- 2 tsp extra-virgin olive oil
- 1 small onion, finely chopped
- 3 garlic cloves, minced
- 3 pepperoncini (from a jar), minced
- 1/4 tsp salt
- 1/8 tsp freshly ground black pepper
- 8 oz. whole-wheat penne pasta
- 1 large zucchini, shredded
- 2 oz reduced-fat goat cheese, crumbled (1/3 cup)
- 1 cup cherry or grape tomatoes, halved
- 1/4 cup chopped fresh basil
Makes 4 (1 1/2 cup) Servings
- In a large skillet, heat 1 teaspoon of the oil over medium-high heat. Add onion and garlic, reduce heat to medium, and cook, stirring frequently, until onion is softened, 3-4 minutes. Add remaining 1 teaspoon oil, pepperoncini, salt and pepper. Reduce heat to low and conmtinue cooking, stirring occasionally, for 2-3 minutes to flavor the oil. Remove from the heat and keep warm.

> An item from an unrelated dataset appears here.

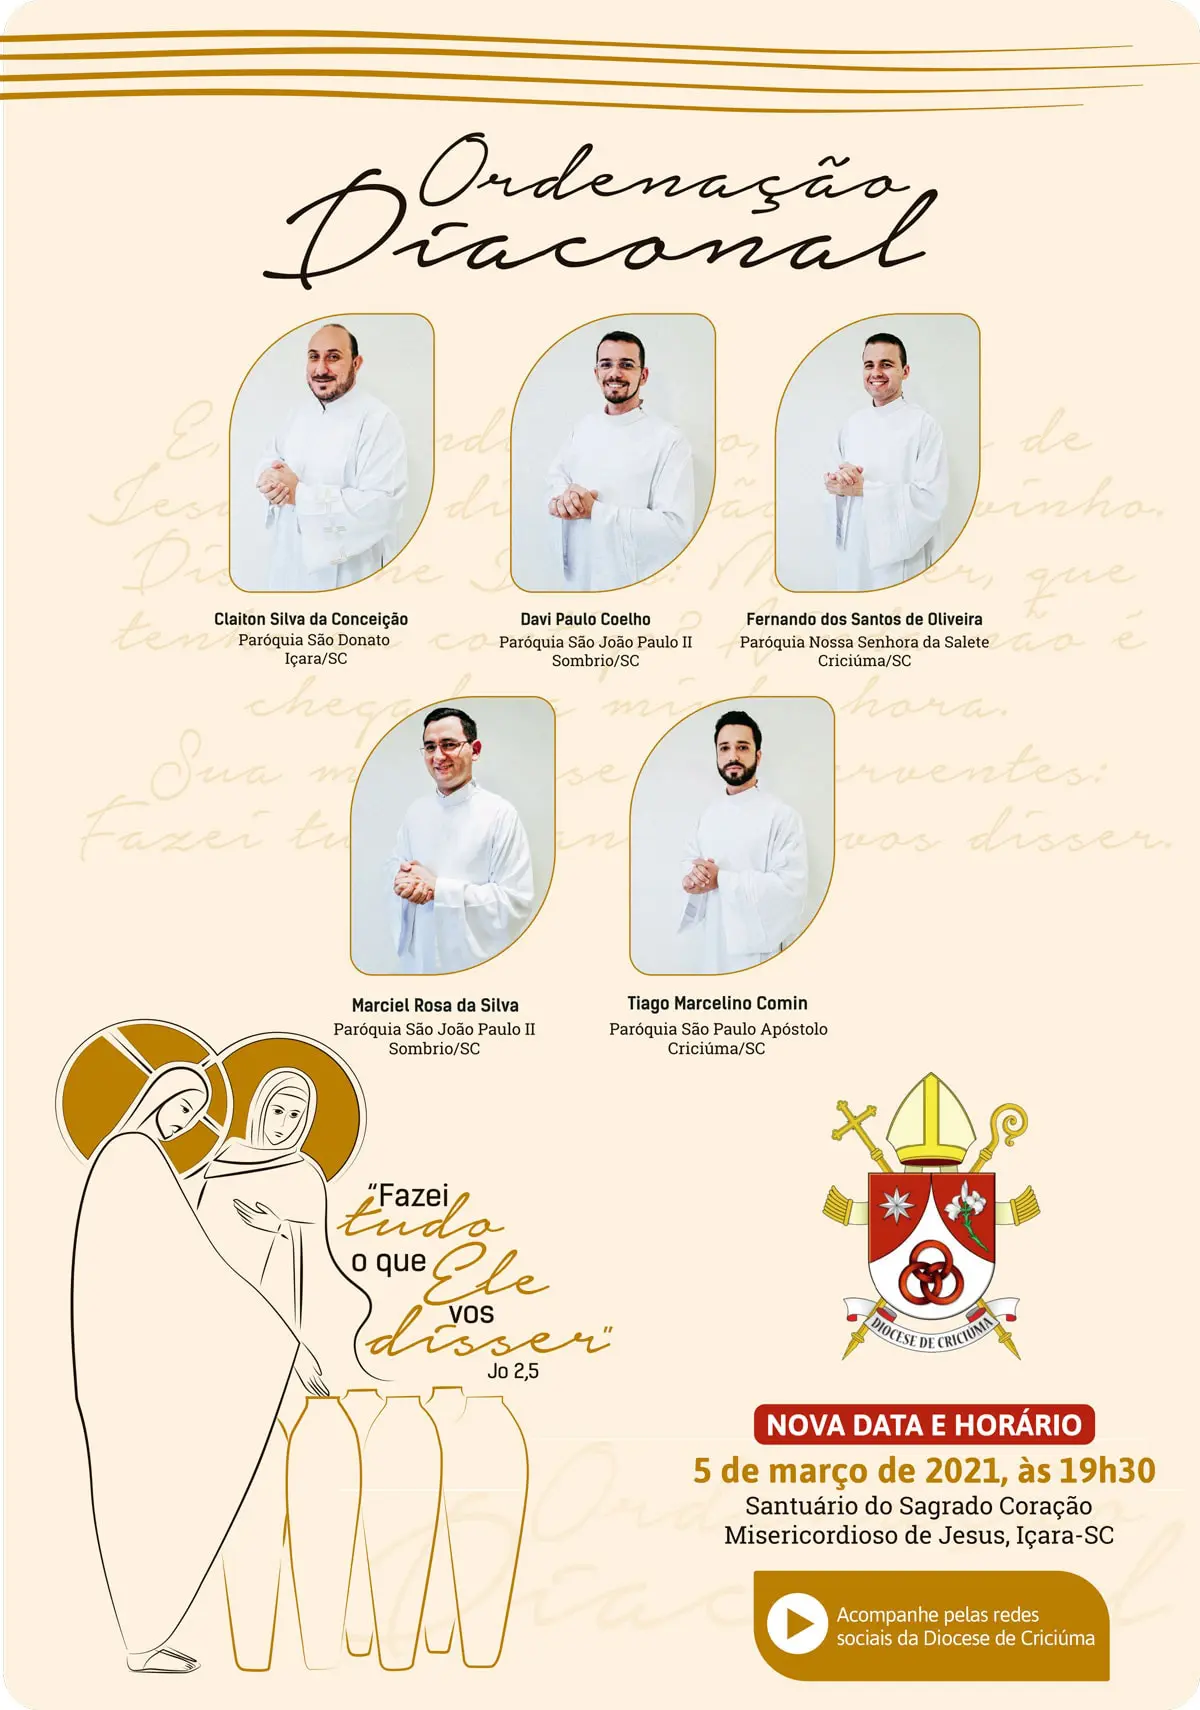 Cinco novos diáconos serão ordenados na Diocese de Criciúma

- Bring a large pot of lightly salted water to a boil. Cook pasta according to package directions until al dente. Reserving 2 tablespoons of pasta cooking liquid, drain pasta.

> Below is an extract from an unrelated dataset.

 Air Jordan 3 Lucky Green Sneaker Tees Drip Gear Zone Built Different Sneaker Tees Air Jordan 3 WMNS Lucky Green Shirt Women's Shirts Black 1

- Add pasta, reserved pasta cooking liquid, zucchini, cheese, tomatoes and basil to skillet; toss to combine. Cook over medium heat until pasta is just heated through and cheese is melted, 1-2 minutes. Season with additional pepper to taste and serve warm.
WW POINTS VALUE: 5 pts
Note: This recipe appears in the South Beach Diet Taste of Summer Cookbook. This is what summer comfort food should taste like. This dish totally hit the spot earlier this evening because it was colorful an-d filling and it tasted like what Italy in the summer should taste like-cool, comforting, savory. Zucchini, cherry and grape tomatoes and fresh basil are in season and this pasta dish makes a great dish for an outdoor gathering. You can also use oregano, parsley or any other Italian herb with the basil to make this pasta dish even more delicious.